如何在不读取整行或文件的情况下读取令牌 [英] How to read tokens without reading whole line or file

查看:25
本文介绍了如何在不读取整行或文件的情况下读取令牌的处理方法,对大家解决问题具有一定的参考价值,需要的朋友们下面随着小编来一起学习吧!

问题描述

是否有一种隐藏的方式可以从文件或类似文件的对象中读取标记而无需读取整行?我立即拥有的应用程序(其他人的问题,不是我的问题)正在转置一个包含几行很长行的大矩阵,本质上是在迭代器上执行 itertools.izip() 以挑选出单个元素的元素柱子.这个想法不是在迭代过程中将整个文件保存在内存中.

Is there a well-hidden way to read tokens from a file or file-like object without reading entire lines? The application I immediately have (someone else's problem, not mine) is transposing a large matrix with a few very long rows, essentially performing an itertools.izip() on iterators that pick out the elements of a single column. The idea is not not have the entire file in memory during iteration.

行是以空格分隔的 ASCII 十进制数.

The rows are space-delimited ASCII decimal numbers.

Java 的 Scanner 类的问题很简单,但我在 Python 标准库中没有看到任何内容似乎在没有字符串中的整个输入的情况下进行标记化.

The problem would be simple with Java's Scanner class, but I don't see anything in the Python Standard Library that appears to tokenize without having the whole input in a string.

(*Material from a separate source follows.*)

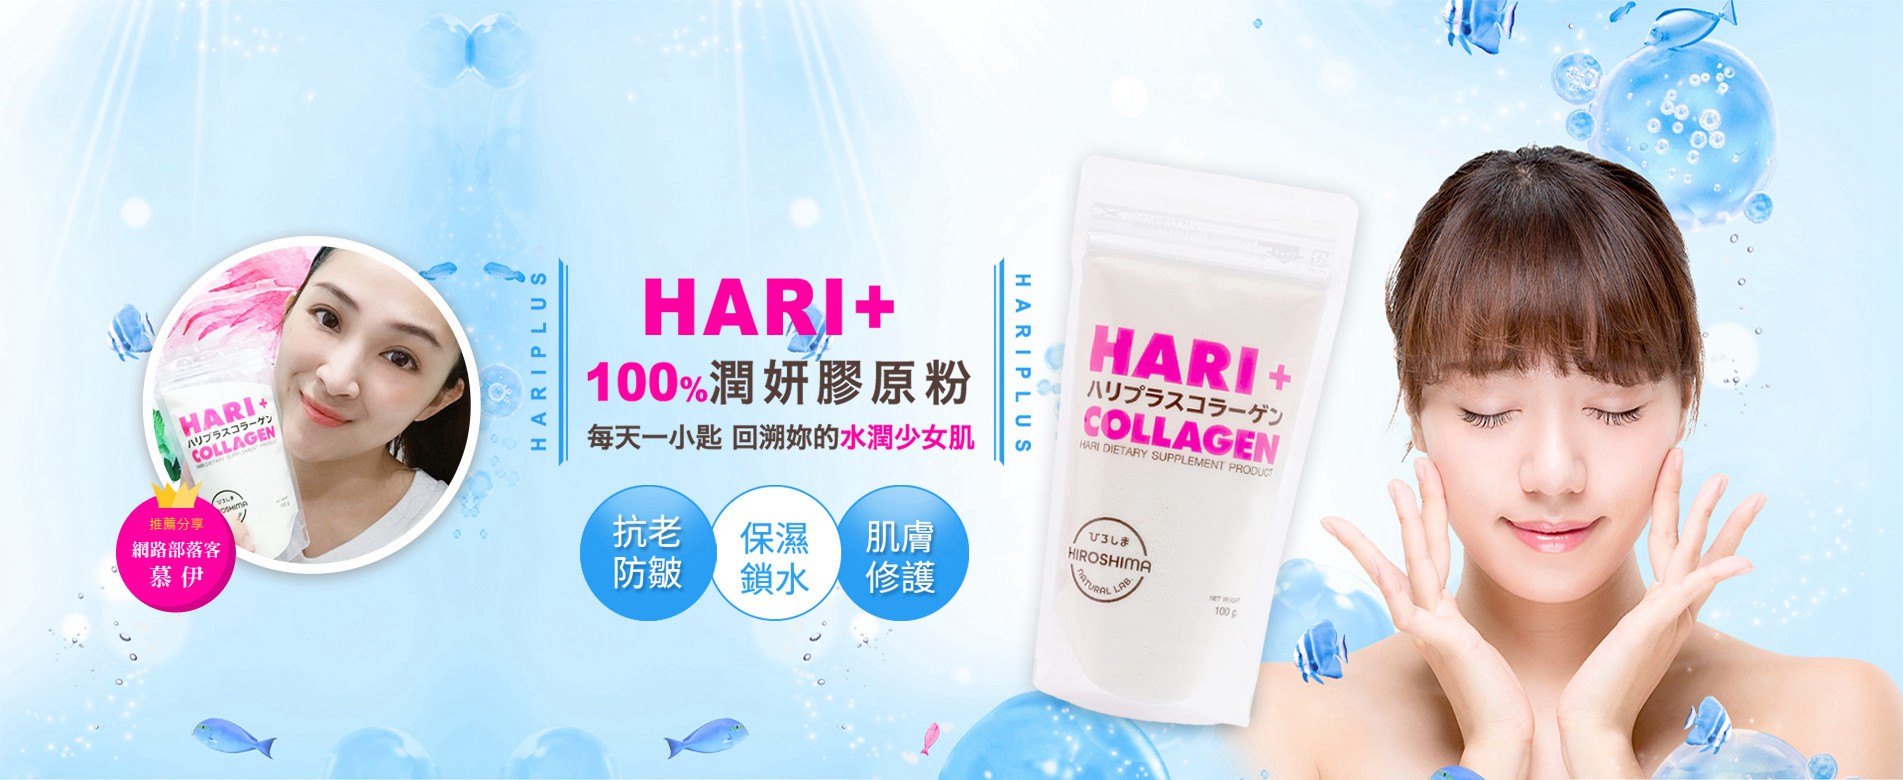 HARI+100%潤妍膠原粉

为了记录,我知道如何自己写这个.我只是想知道是否有我错过的标准工具.可以 EasyInstalled 的 FOSS/libre 也不错,但我在 PYPI 上也看不到任何东西.

For the record, I know how to write this on my own. I'm just wondering if there's a standard tool that I missed. Something FOSS/libre that can be EasyInstalled is good, too, but I don't see anything on PYPI either.

完整的问题是获取样本输入:

The full problem was to take the sample input:

"123 3 234234 -35434 112312 54 -439 99 0 42
" +
"13 456 -78 910 333 -44 5555 6 8"

...并产生输出(作为生成器,无需一次将所有很长的行读入内存:

...and produce the output (as a generator, without reading all of very long rows into memory at once:

[123, 13], [3, 456], [234234, -78], ...etc

正如我所说,它本质上是 itertools.izip(iterator1, iterator2),将 iterator1 指向文件的开头,而 iterator2 刚好越过换行符读取第二行.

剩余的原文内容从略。